According to an embodiment of the present invention, since the power input terminal is a plug, the plug is provided with a primary coil and a feedback coil, and the socket is provided with a secondary coil, and those skilled in the art should understand that when the power input terminal is a socket, The primary coil and the feedback coil are placed on the socket, and the plug should be set as the secondary coil.

Claims

claims

1. An electromagnetic induction plug and socket, including a plug and a socket, characterized in that the plug includes a plug shell, the plug shell is provided with a central axis magnetic core, and a plug coil is wound around the central axis magnetic core. The socket It includes a socket shell, a ring coil is provided in the socket shell, and a ring magnetic core matched with the ring coil. After the plug is inserted into the socket, the ring coil is set outside the plug coil.

2. The magnetic induction plug and socket according to claim 1, characterized in that: the annular magnetic core includes a magnetic sleeve, the annular coil is arranged in the magnetic sleeve, and magnetic rings are also provided on both sides of the annular coil.

3. The magnetic induction plug and socket according to claim 2, characterized in that: the plug is also provided with an induction coil that matches the plug coil, the plug coil is connected to the power input end through a switch circuit, and the induction coil is connected to the switch.

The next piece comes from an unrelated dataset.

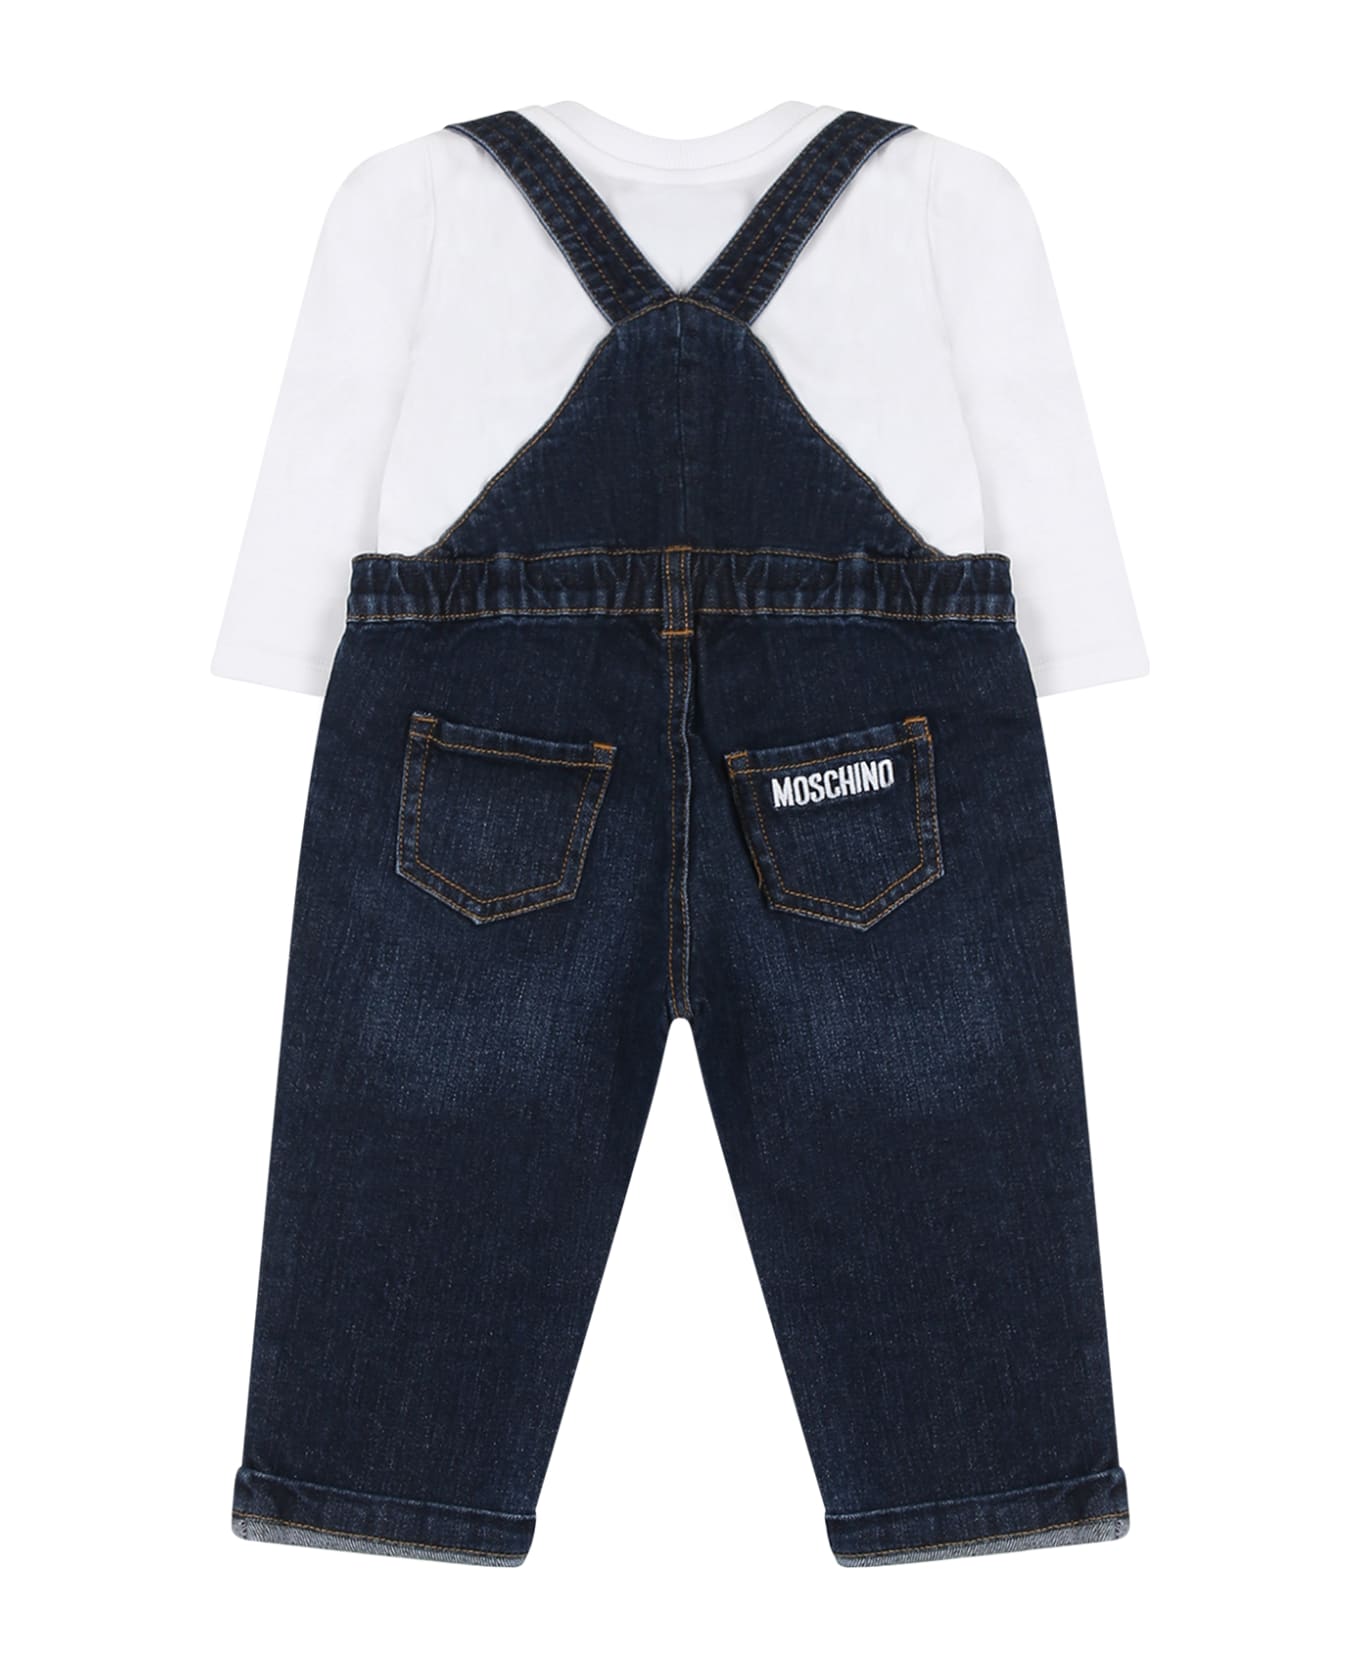 Moschino Blue Suit For Bay Girl With Teddy Bear - DENIM BLUE コート＆ジャケット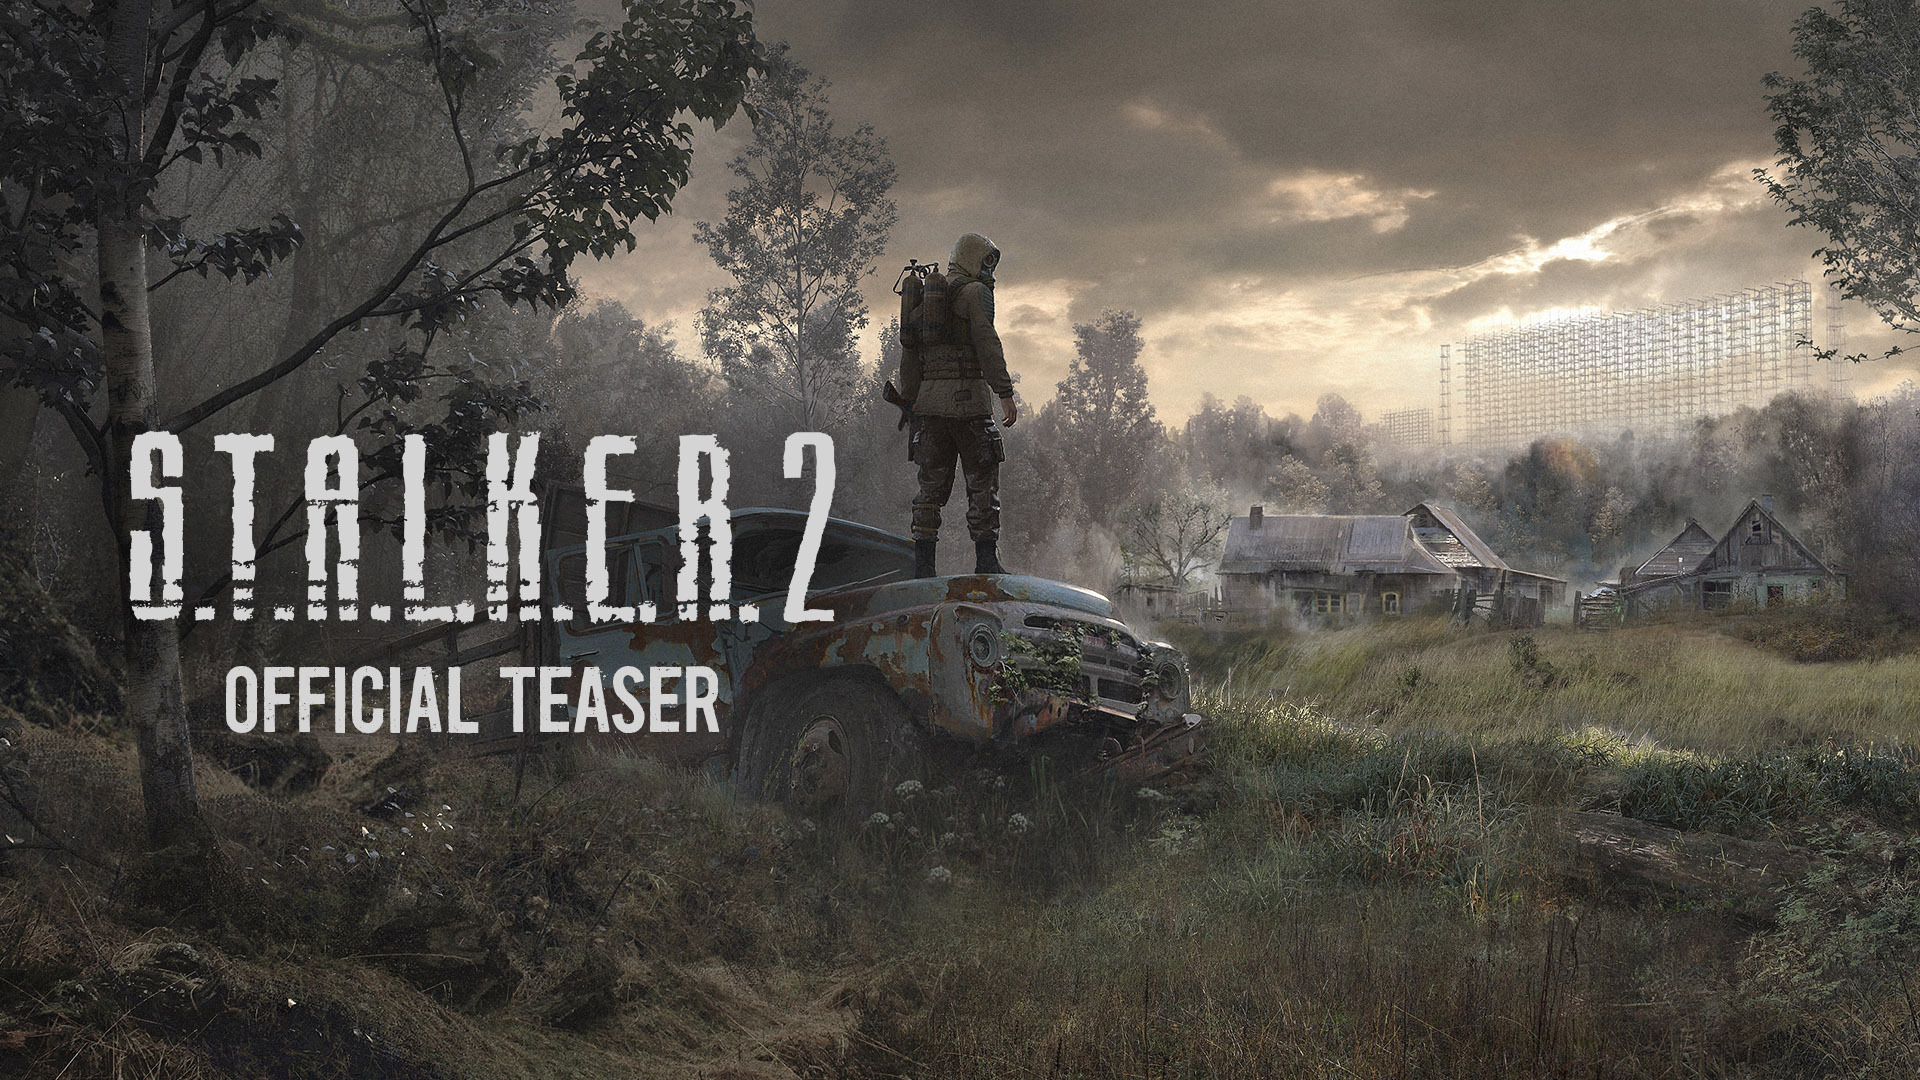 S.T.A.L.K.E.R. 2 Development Update: a Gameplay Teaser and a New Hero -  Xbox Wire

The positive feedback excitation end of the circuit is connected.

4. The magnetic induction plug and socket according to claim 3, characterized in that: the feedback coil includes a first feedback coil and a second feedback coil, the switching circuit includes a first electronic switch and a second electronic switch, and the first feedback coil and the second feedback coil The control end of an electronic switch is connected, the second feedback coil is connected to the control end of the second electronic switch, the power input end is connected to the input end of the rectifier circuit, and the output end of the rectifier circuit is connected to the first electronic switch and the second electronic switch respectively. Plug coil connection.